START DATA SEGMENT
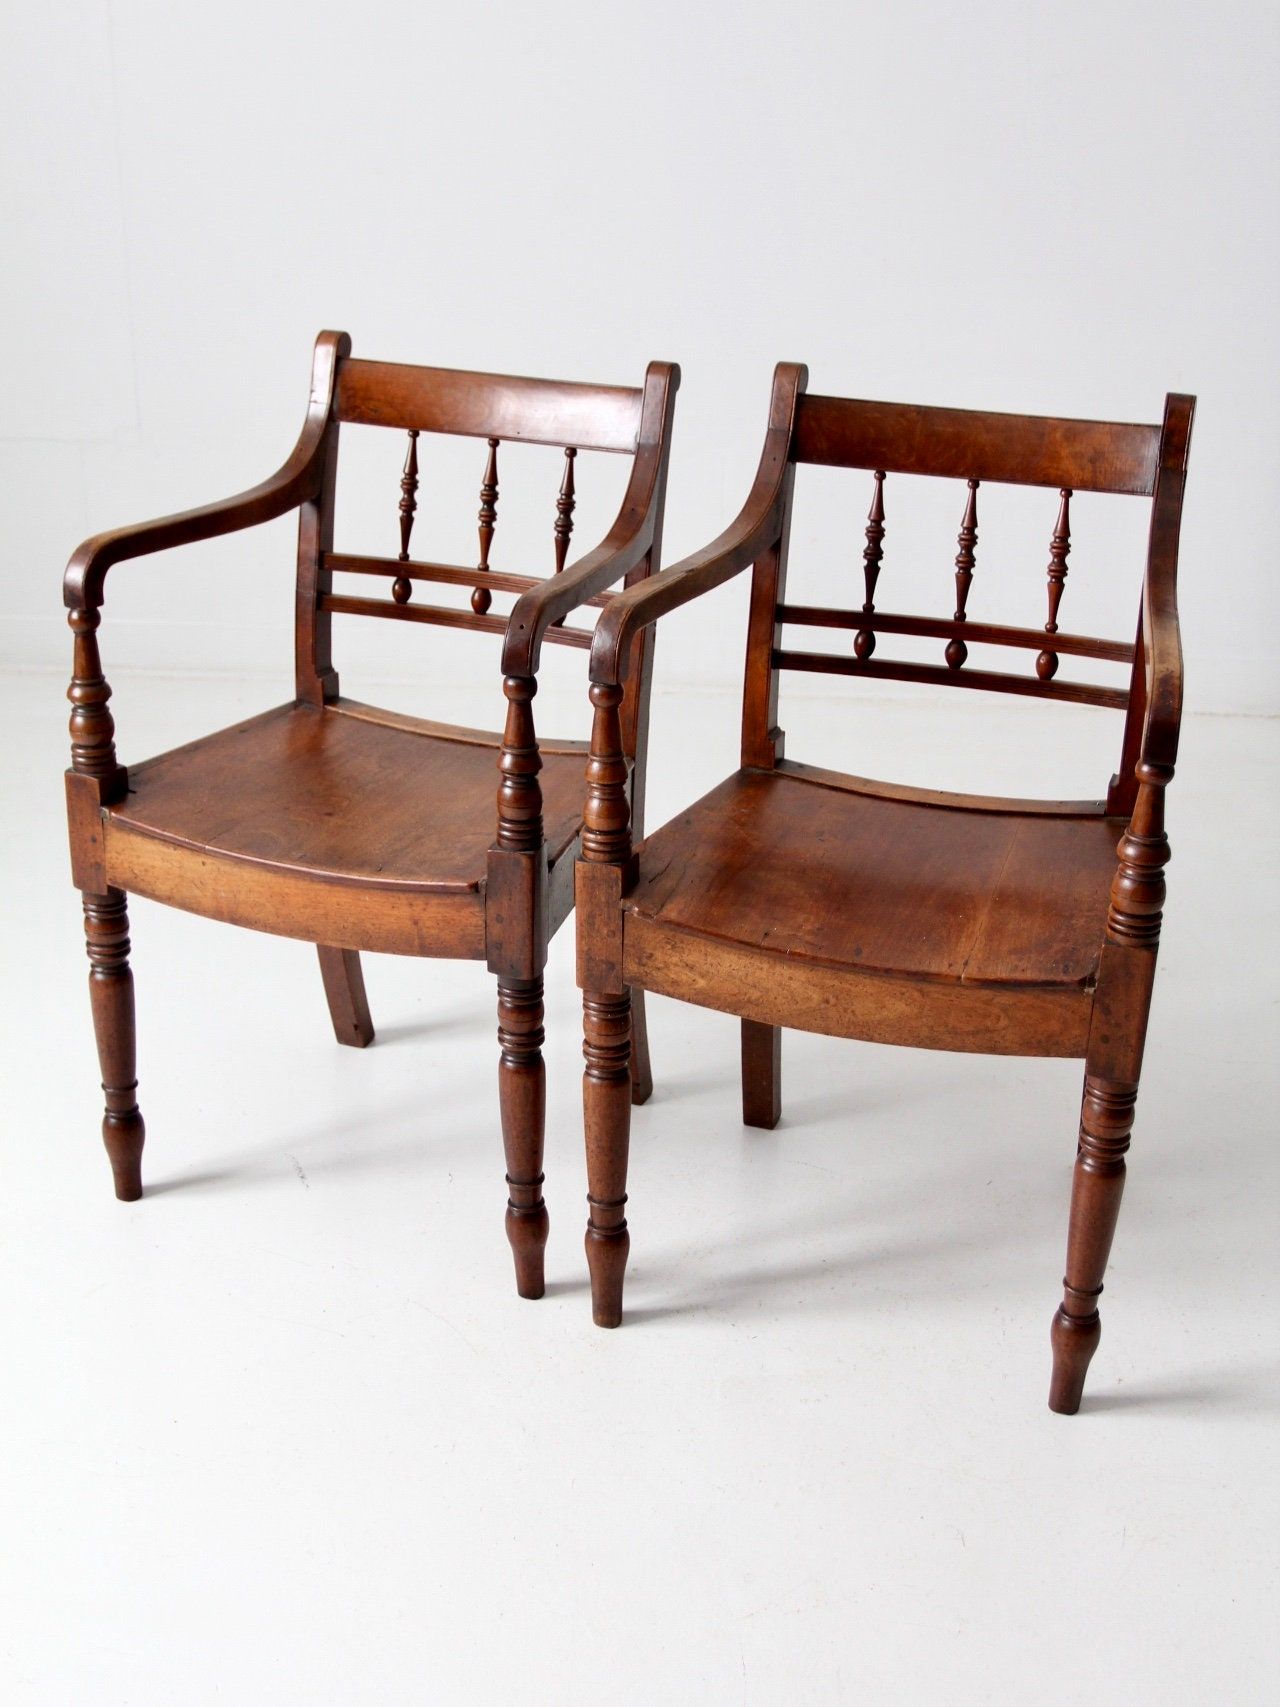 Timeless Elegance: The Charm of Antique Wooden Chairs With Arms
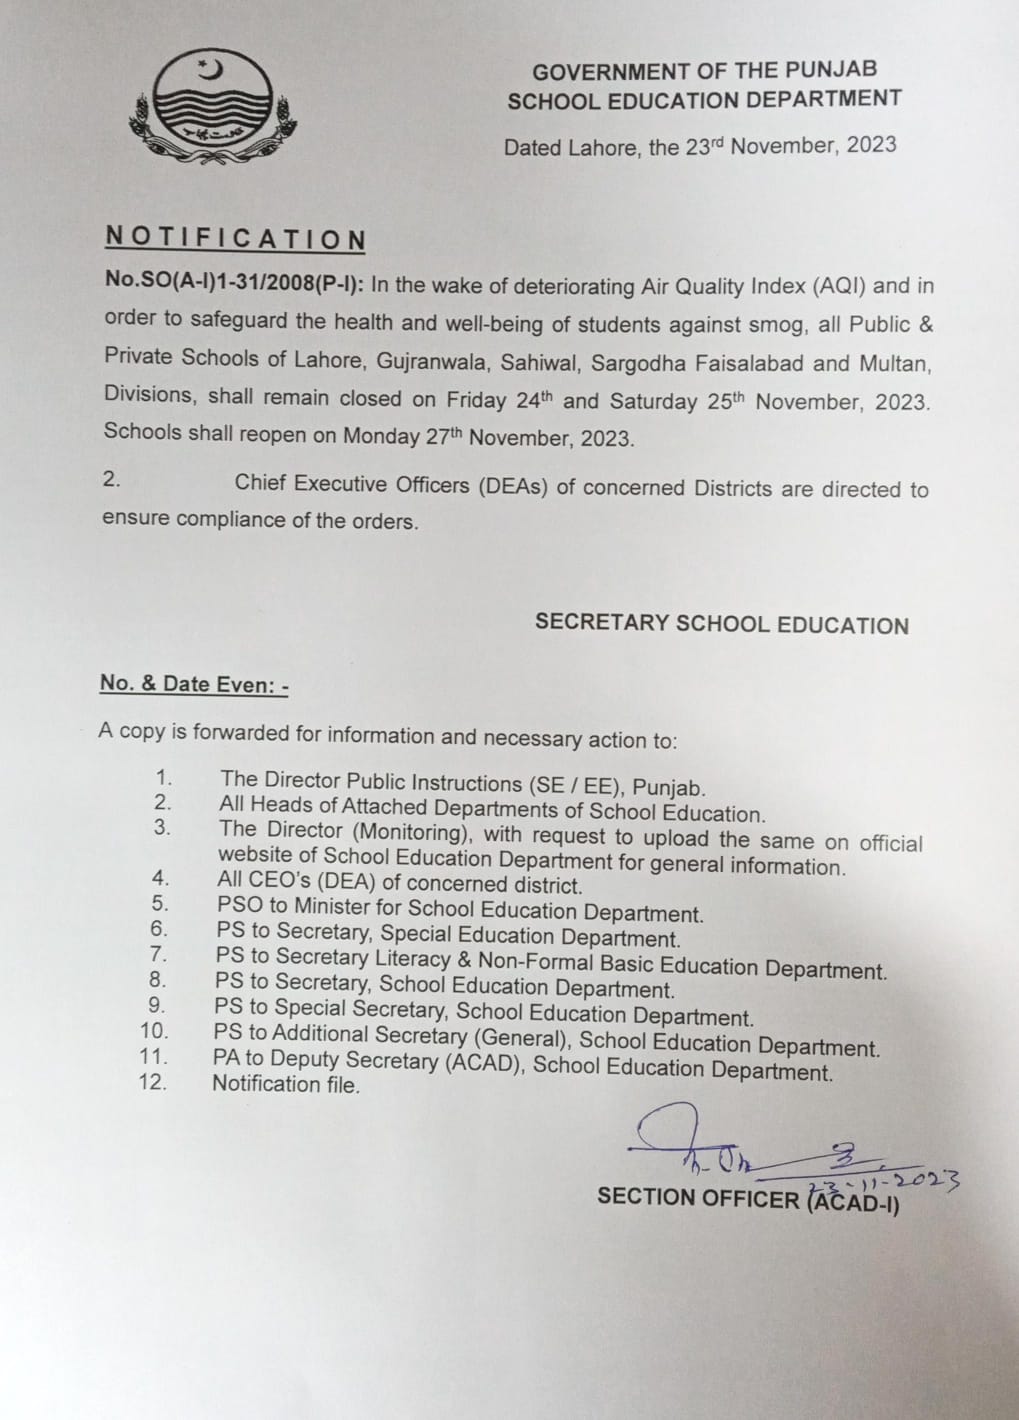 Notification of Holiday on Friday, Saturday and Sunday Punjab 6 Districts
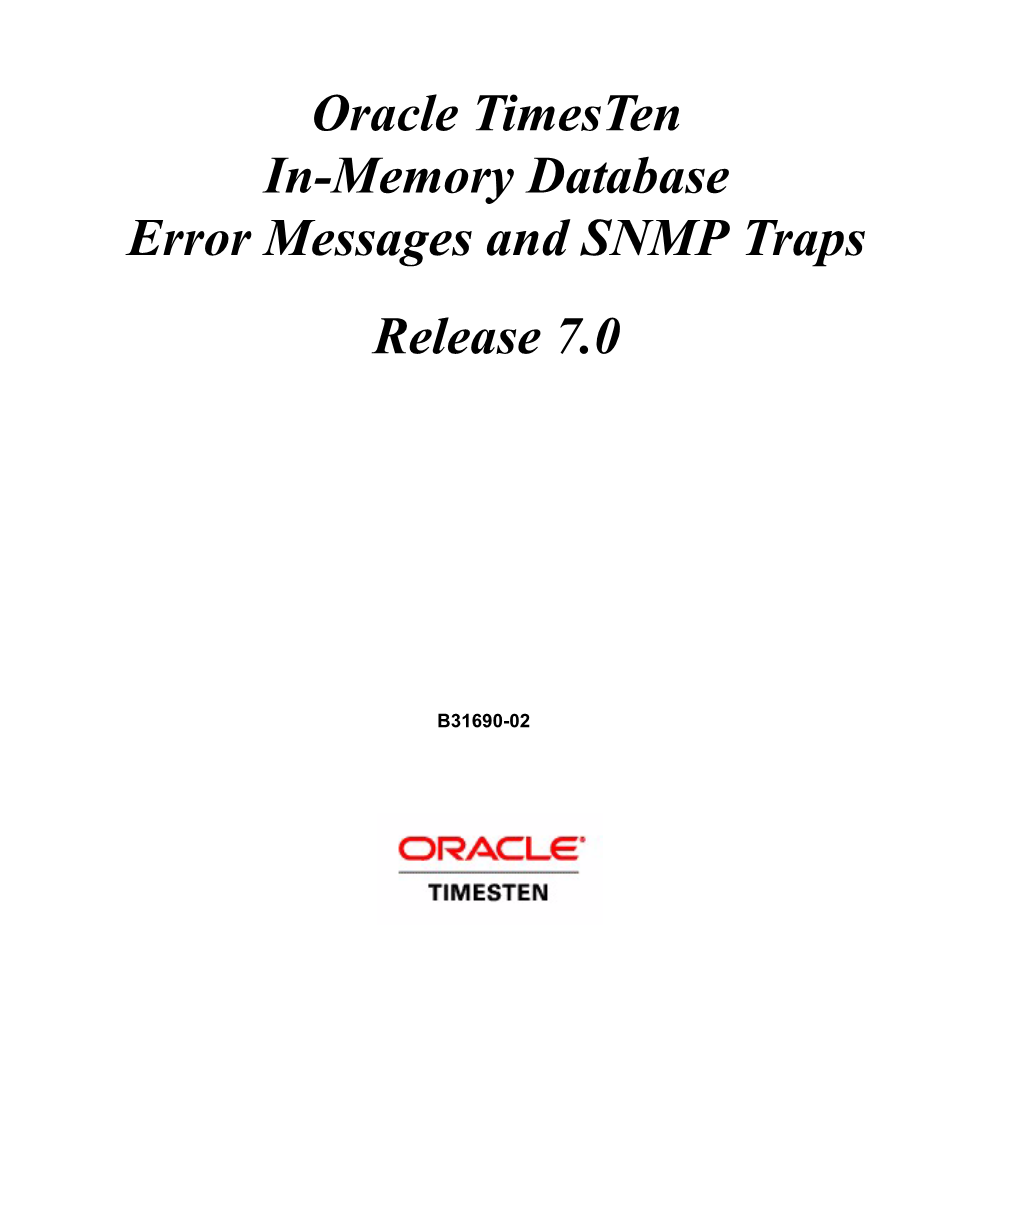 Oracle Timesten In-Memory Database Error Messages and SNMP Traps Release 7.0
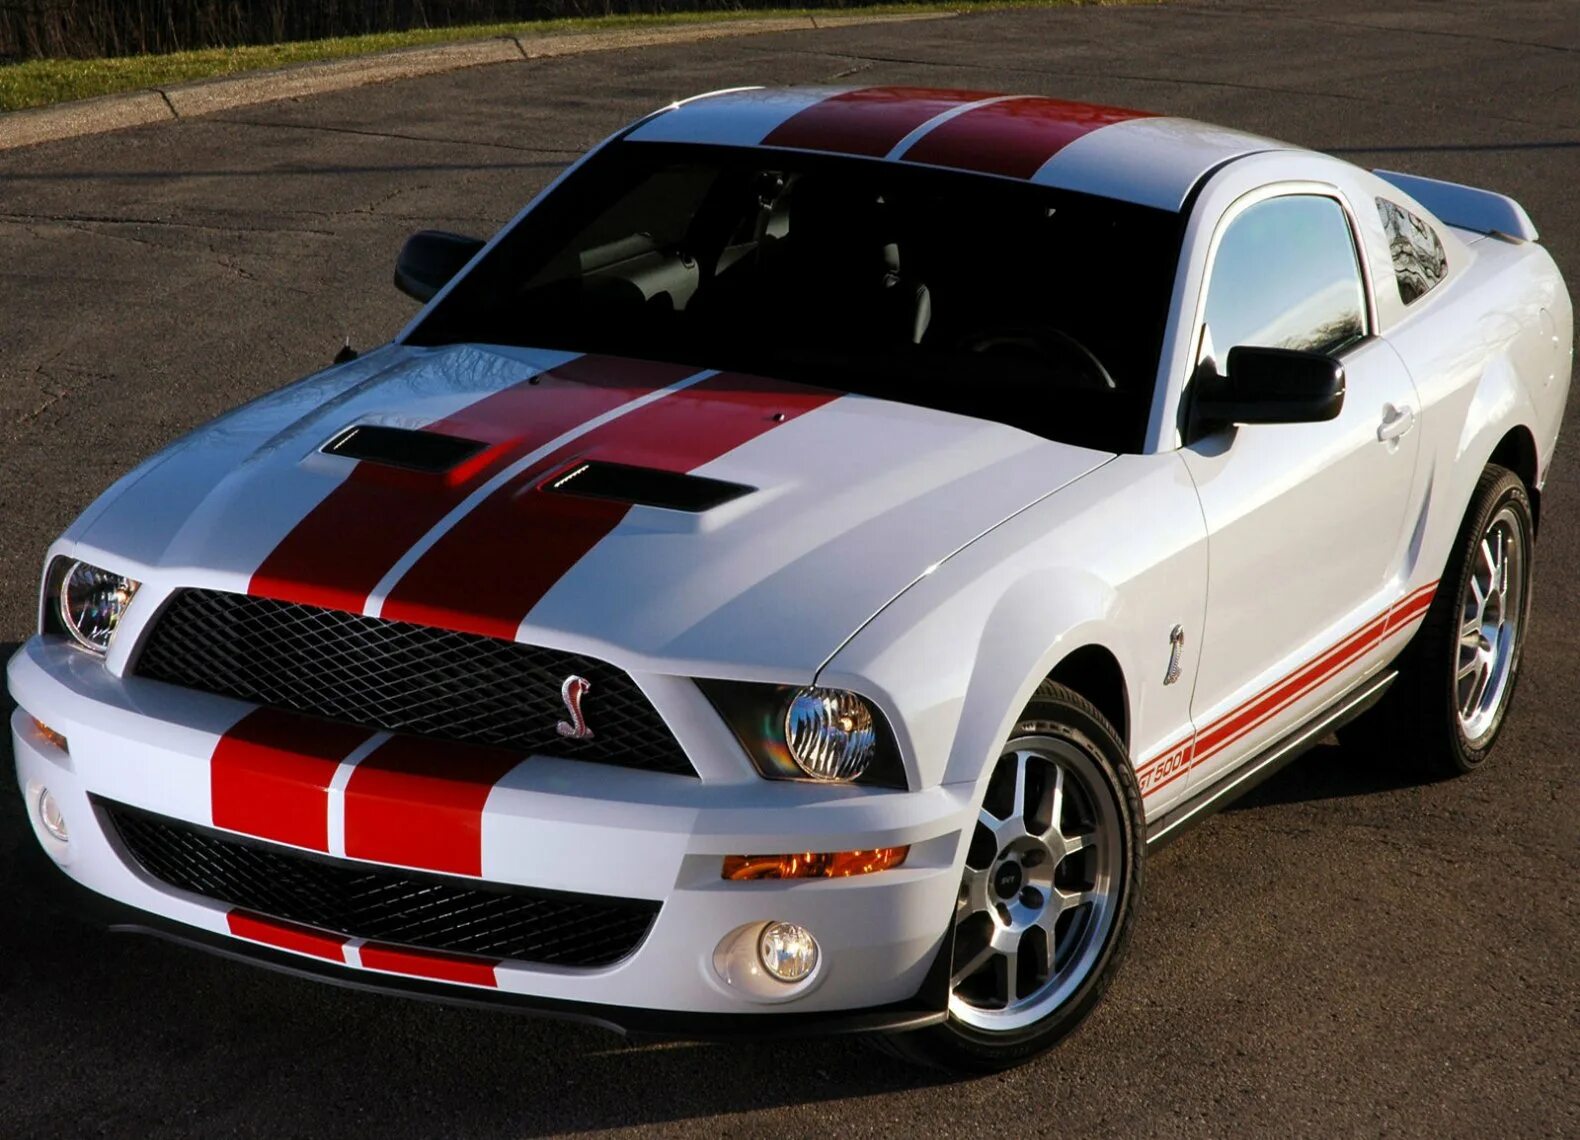 Мустанг бимка. Форд Мустанг gt 500 Shelby. Ford Shelby gt500. Mustang Shelby gt500. Ford Mustang gt500.
END DATA SEGMENT
Every line above should be printed again word for word, without its pictures.

● **WRITTEN RESPONSE**:
 Timeless Elegance: The Charm of Antique Wooden Chairs With Arms
 Notification of Holiday on Friday, Saturday and Sunday Punjab 6 Districts
 Oracle Timesten In-Memory Database Error Messages and SNMP Traps Release 7.0
 Мустанг бимка. Форд Мустанг gt 500 Shelby. Ford Shelby gt500. Mustang Shelby gt500. Ford Mustang gt500.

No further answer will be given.